Wine review — Tarra Warra, Shingleback and Rolf Binder

TarraWara Estate Yarra Valley J-Block Shiraz 2009 $35
Though fully priced for an unproven wine off very young vines (planted 2007), TarraWarra’s J-Block shiraz offers pure, sexy, drinking pleasure. From the first sniff of the seductive, floral and musk aroma to the last supple, sweet drop in the bottle, it held our attention. A few other tasters sharing the bottle all reacted similarly – a collective “wow” at the aroma, then collective pleasure in the juicy, fruity, very soft palate. It’s a lovely, unique take on Australia’s great red variety – all fragrance, fruit and softness, though with complexity and flavour length. Note this vineyard.

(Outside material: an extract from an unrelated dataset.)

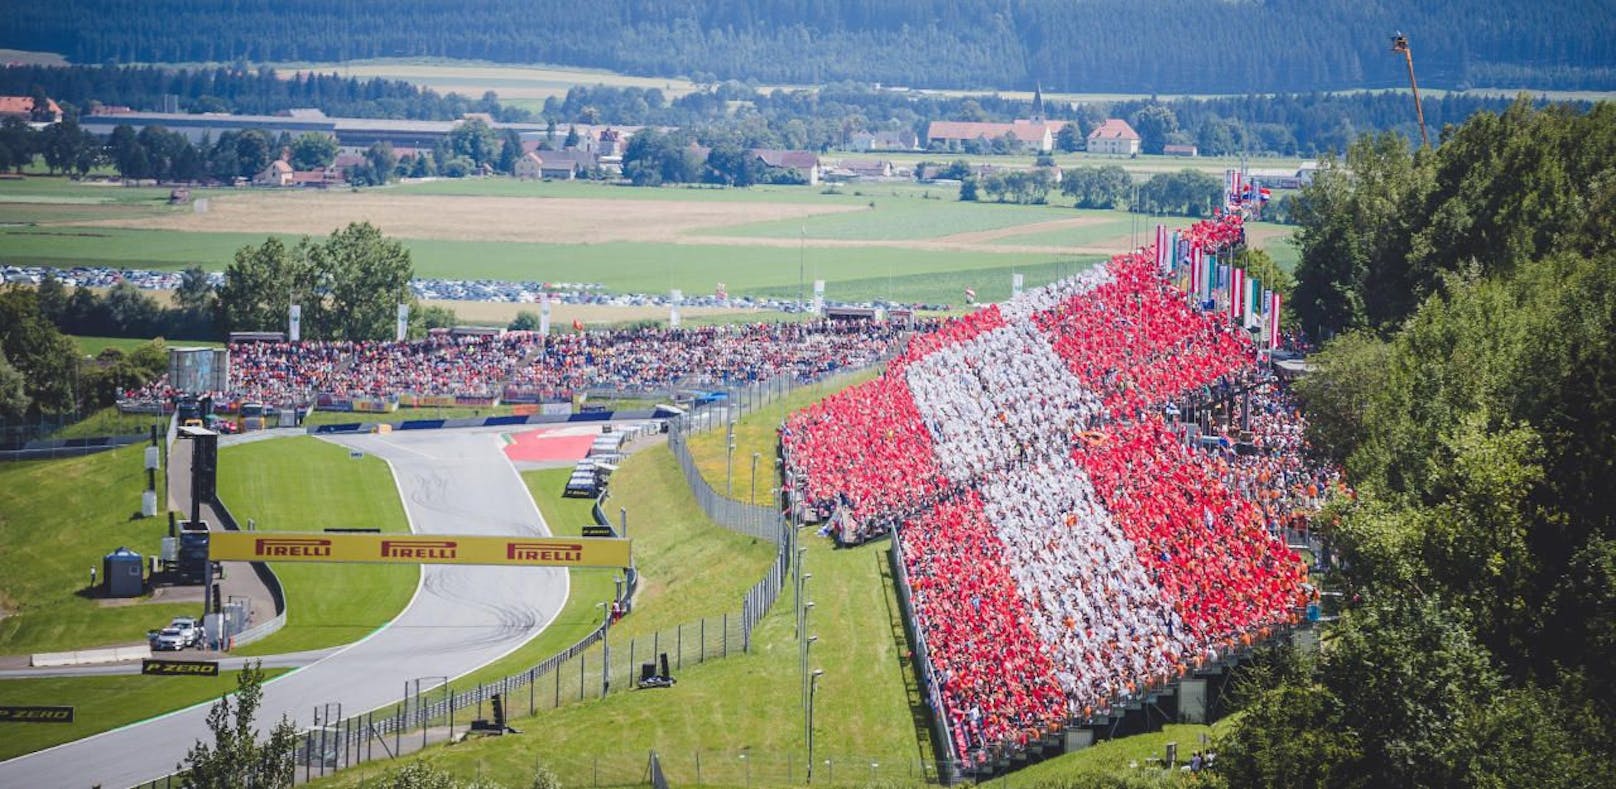 1.700 € für Zimmer bei Österreich-GP – Touristiker sauer

Shingleback Haycutters McLaren Vale Shiraz Viognier 2008 $15–$17
In cooler climates like Canberra’s a dash of the white variety, viognier, co-fermented with shiraz, can add an extra dimension to the aroma, colour and texture of the wine – Clonakilla being our world-renowned local classic. The blend generally works less well in warmer climates, and indeed becomes a distraction when the apricot-like character of viognier takes over. The Davey family’s McLaren Vale version, however, seems to be an exception as the viognier fleshes out the savoury palate without attempting to take over from the shiraz. It’s an attractive, full flavoured early-drinking style.

Rolf Binder Eden Valley Riesling 2011 $18
Rolf Binder and his sister, Christa Deans, make wine at the Veritas Winery, on the outskirts of Tanunda in the Barossa Valley, Rolf looking after the reds and Christa making the lively, delicate, very fruity whites. Christa’s latest riesling tells much about the 2011 vintage – the wet and cool season, in this instance, producing an almost unheard of pH of 2.77, accounting for the particularly spritely, dazzling palate. The wine’s highly aromatic and so fruity there’s an impression of sweetness, despite a very low residual sugar level of about five grams per litre. This is an absolutely beautiful and powerful but fine expression of riesling.